Хедстрём, кивнув, снова взглянул в сторону дома.
На этот раз эксперты-криминалисты решили не разделяться; все работали в одном месте, проходя комнату за комнатой. Патрик нервничал и чувствовал себя неуместно, стоя во дворе в слепящем свете солнца. Он слышал, как Турбёрн попросил всех членов семьи выйти из дома; сначала вышел Петер, затем его родители и последней – Эва. Она моргала, щурясь на солнце; Патрик подумал, что Эва не выходила из дому с тех пор, как они обнаружили Нею.
Петер медленно подошел к Хедстрёму, стоящему в тени яблони.
– Когда это закончится? – тихо спросил он и уселся на траву.
Патрик уселся рядом с ним. Он видел, как родители Петера на повышенных тонах разговаривают с Йостой чуть в стороне. Эва, сжав руки, уселась на стул возле дома и уставилась в крышку стола.
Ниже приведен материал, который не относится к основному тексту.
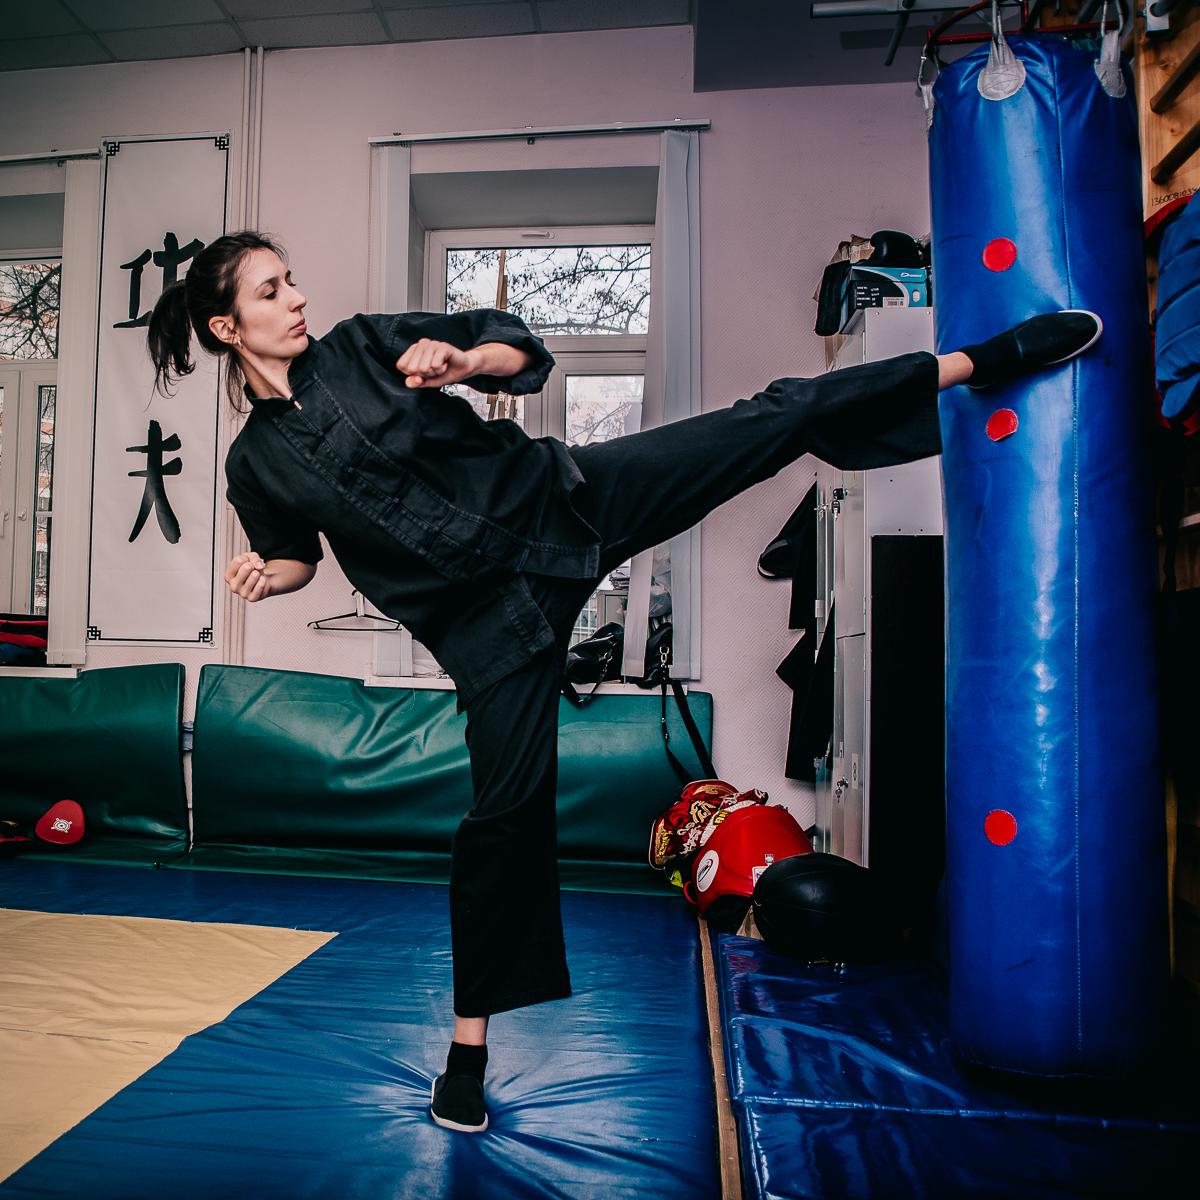 Боевые искусства для девушек в Москве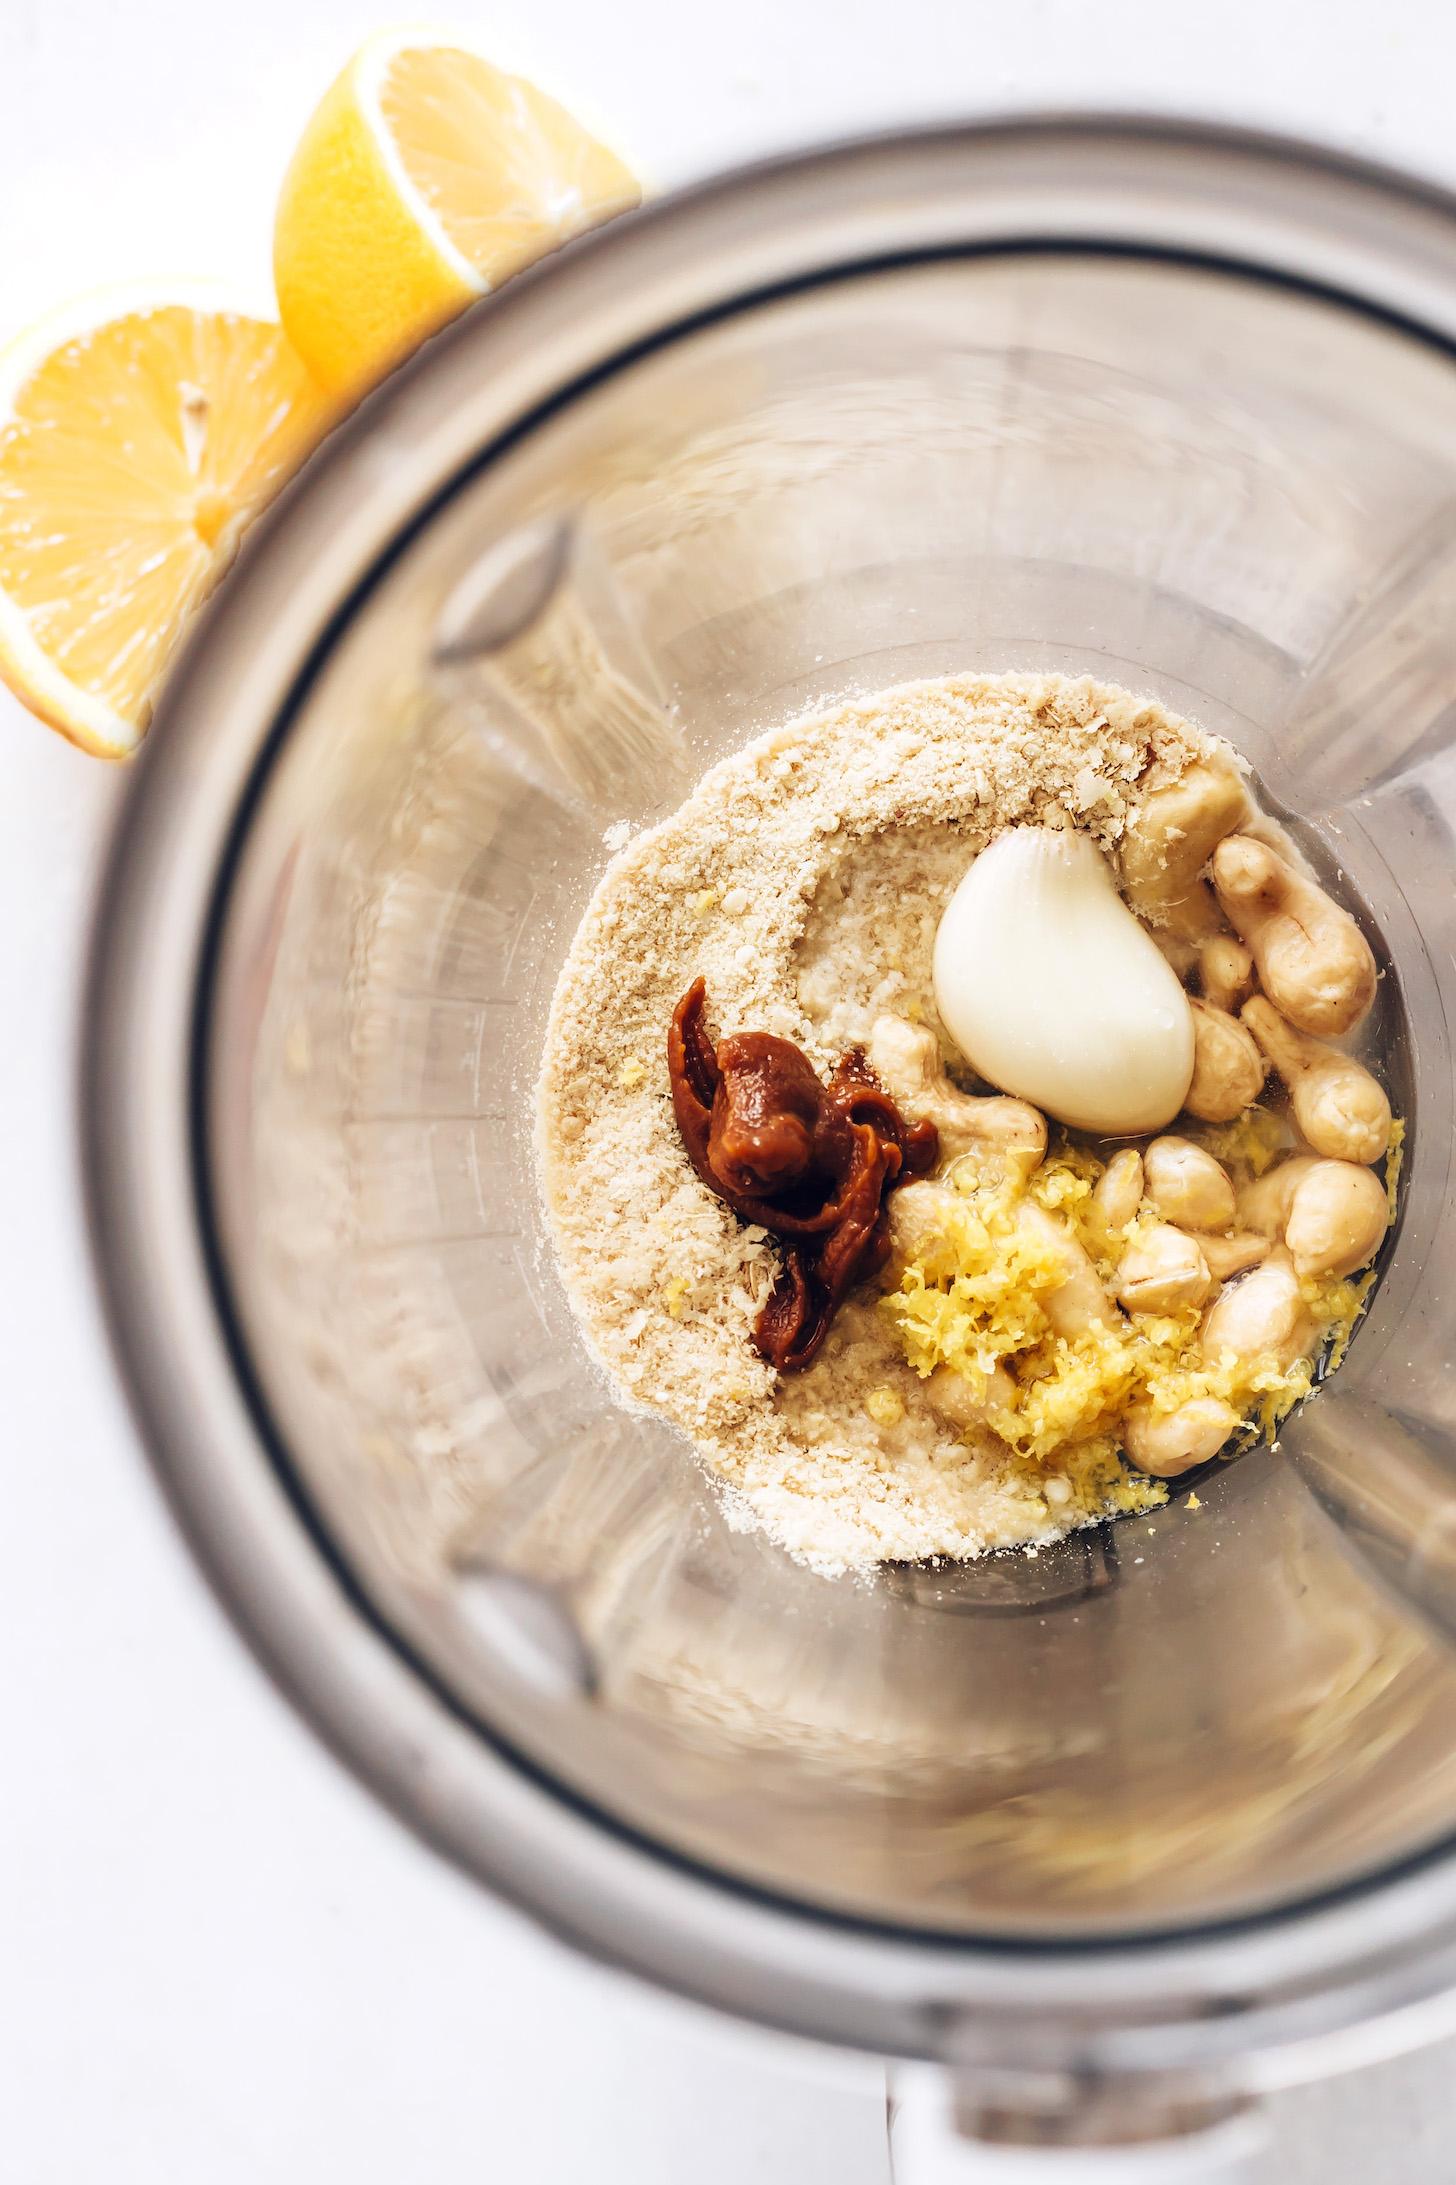 Turmixgép kesudióval, vízzel, citrommal, fokhagymával, misóval, táplálékélesztővel, tengeri sóval, olívaolajjal és vegán parmezán sajttal

– Через пару часов мы закончим, – проговорил он, хотя и понимал, что Петер говорит не об этом.
Патрик имел в виду горе. И тут он ничем не мог помочь. Никакие слова не могли дать утешения. Они с Эрикой побывали на волоске от трагедии – тогда, после страшной автомобильной аварии. Но беда прошла стороной. Впрочем, это несравнимо с той пропастью, в которой оказались сейчас родители Неи. Такое даже представить себе трудно.
– Кто мог такое сотворить? – проговорил Петер, машинально выдирая из газона травинки.
Газон уже несколько дней никто не поливал, он начал желтеть и подсыхать.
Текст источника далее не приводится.